Gentle movements of the ancient Chinese exercise tai chi are one of many alternatives to help elderly people find pain relief.

More Alternatives for Arthritis Pain continued...

Biofeedback: Biofeedback is being taught today by physicians, psychiatrists, psychologists, and many types of therapists. You learn several types of relaxation techniques and by attaching sensitive monitors to your body you can see immediately how your body is reacting to your efforts to relax, lower your blood pressure, diminish your pulse rate, change your temperature, or relax your muscles. Biofeedback reinforces your efforts to control your involuntary reflexes. The monitors let you know if your attempts to "tell your body" what to do are working. Eventually people are able to control these bodily processes without the use of the machine. By reducing stress and relaxing tight muscles you may reduce the level of pain and the need for medications.

Transcutaneous electrical nerve stimulation (TENS): This involves the use of electrical stimulation of the nerves to block the pain signals to the brain. It is performed by a professional and is usually done after other methods have been tried and failed. It seems to work best when the pain is in a specific area, such as the lower back. Electrodes are placed on the skin with some gel in the area to be treated. The electrical current is low level and produces a slight, tingling sensation. 

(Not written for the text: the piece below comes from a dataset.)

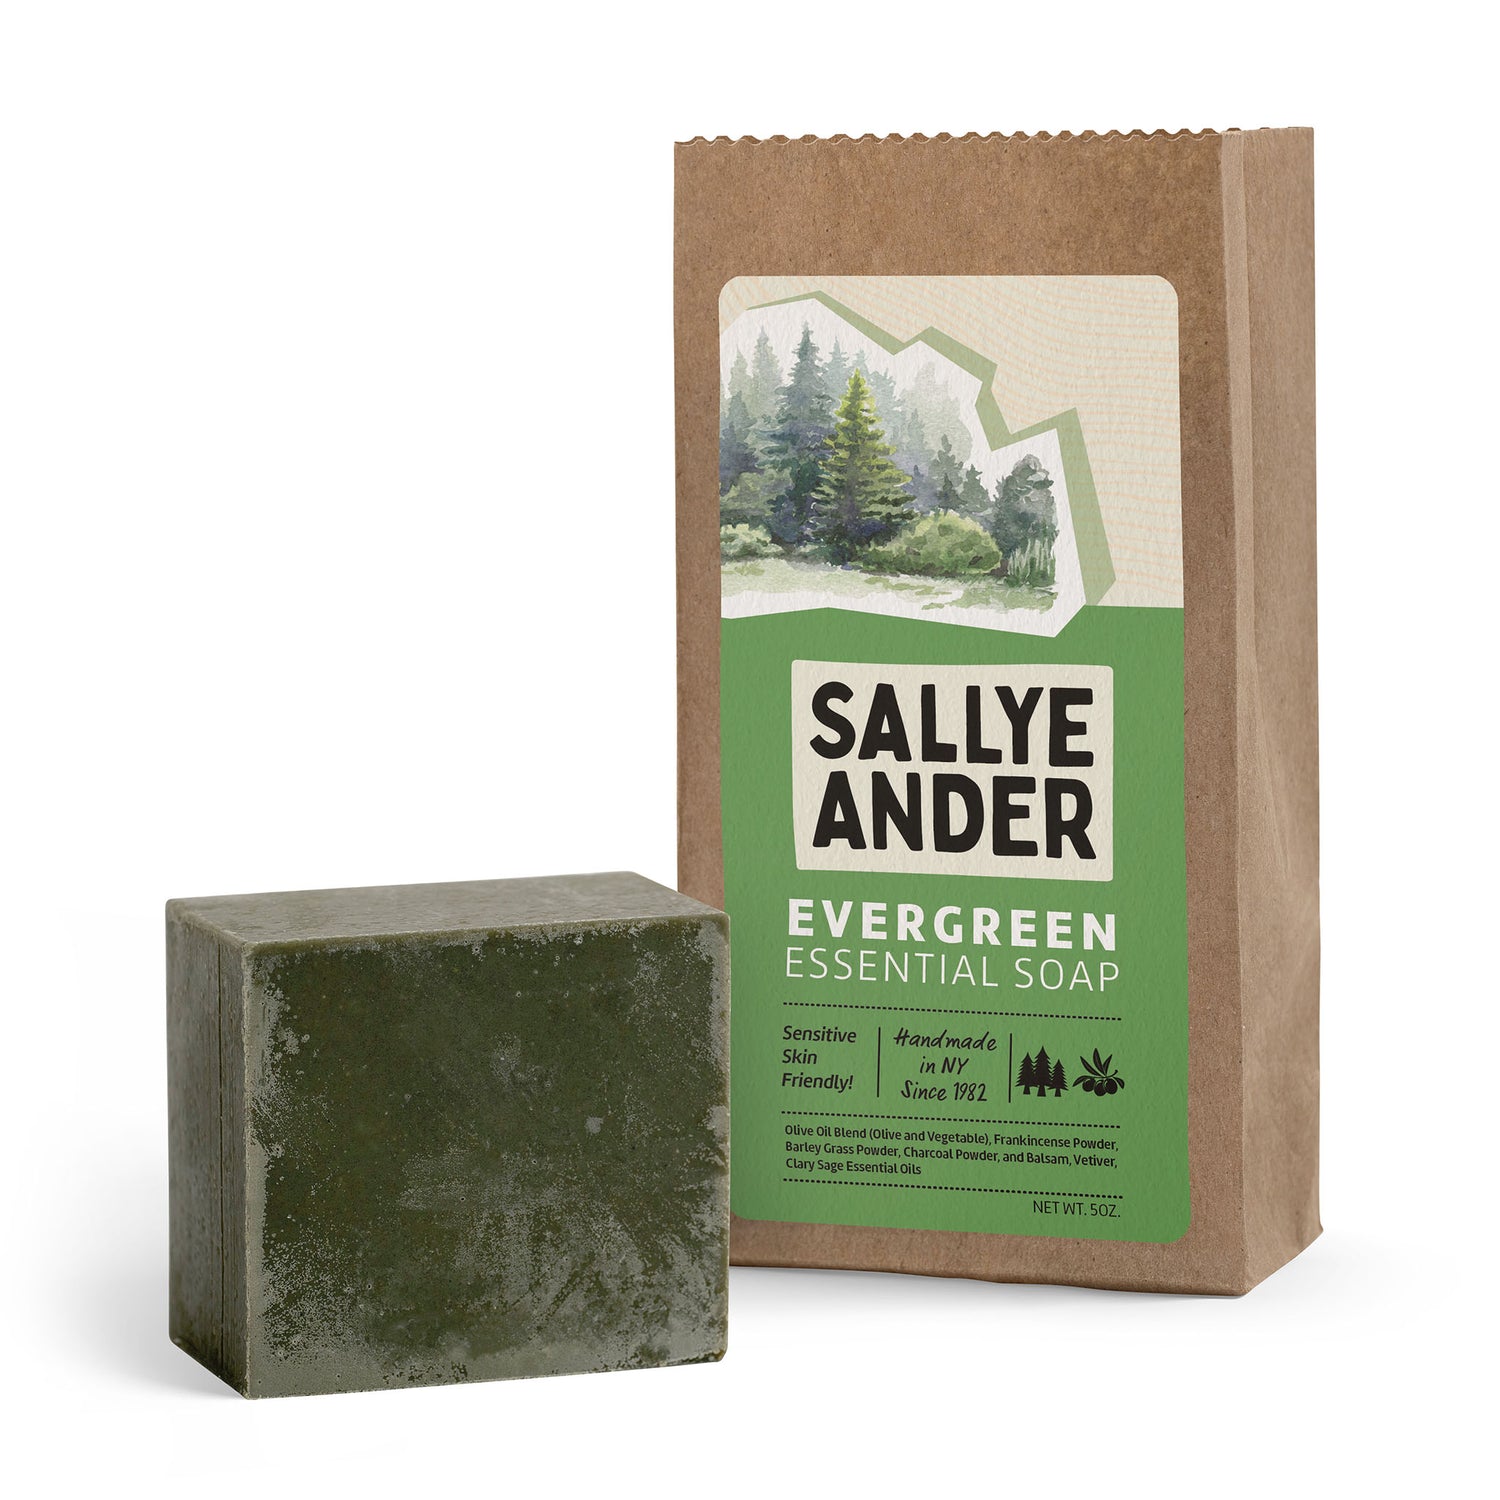 Evergreen Soap

Visualization: Visualization has been shown to eliminate or reduce pain. Hypnotherapists use it to help patients come up with images that help pain become more tolerable or detract attention away from it. Close your eyes, breathe deeply, and imagine that you are in a place that is particularly restful. Bringing up this image at times of stress can be soothing and refreshing.

Meditation: Like visualization, this method can bring about relaxation and reduction of stress. It can slow the heart rate and breathing, thereby reducing stress. Those who practice meditation regularly are physiologically younger than their chronological age and report decreased anxiety, depression, and tension, and increased concentration and resilience.

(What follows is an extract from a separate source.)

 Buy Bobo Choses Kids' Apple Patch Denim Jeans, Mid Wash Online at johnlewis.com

Deep Breathing: Deep breathing is an effective way to relax. Try to find a time when you will not be disturbed. Find a comfortable, quiet place with as few distractions as possible. Lie down, letting your body be as limp as possible, and close your eyes. Begin breathing very deeply, slowly, and rhythmically. Clear your mind of all your problems and distractions. You can concentrate on a word, any word that will help you relax. Pretend that you are inhaling all the positive energy around you, then exhale all the negative. Try it for five or 10 minutes at first and work up to20 or 30 minutes.

Positive Imagery: This is a variation of deep breathing. The basic idea is to put yourself in a quiet place with minimal disturbances, close your eyes, relax, and breathe deeply several times. Then imagine that you are in a place where you are happy and relaxed; it might be the beach, the mountains, a cabin in a storm, a boat in calm waters, or whatever place makes you happy. In your mind look carefully at the entire scene. Imagine the smells, the temperature, the sounds, anything you can observe about this happy place. It might mean going back in time to a point in your life when you felt safe and happy. Positive imagery helps you to relax, subdue tensions, and lessen pain.

Self-Hypnosis: This is a way to put yourself into a state of deep relaxation. There are audiotapes available in most bookstores to help you with most of these types of deep relaxation, but a therapist can also be very helpful in teaching the technique.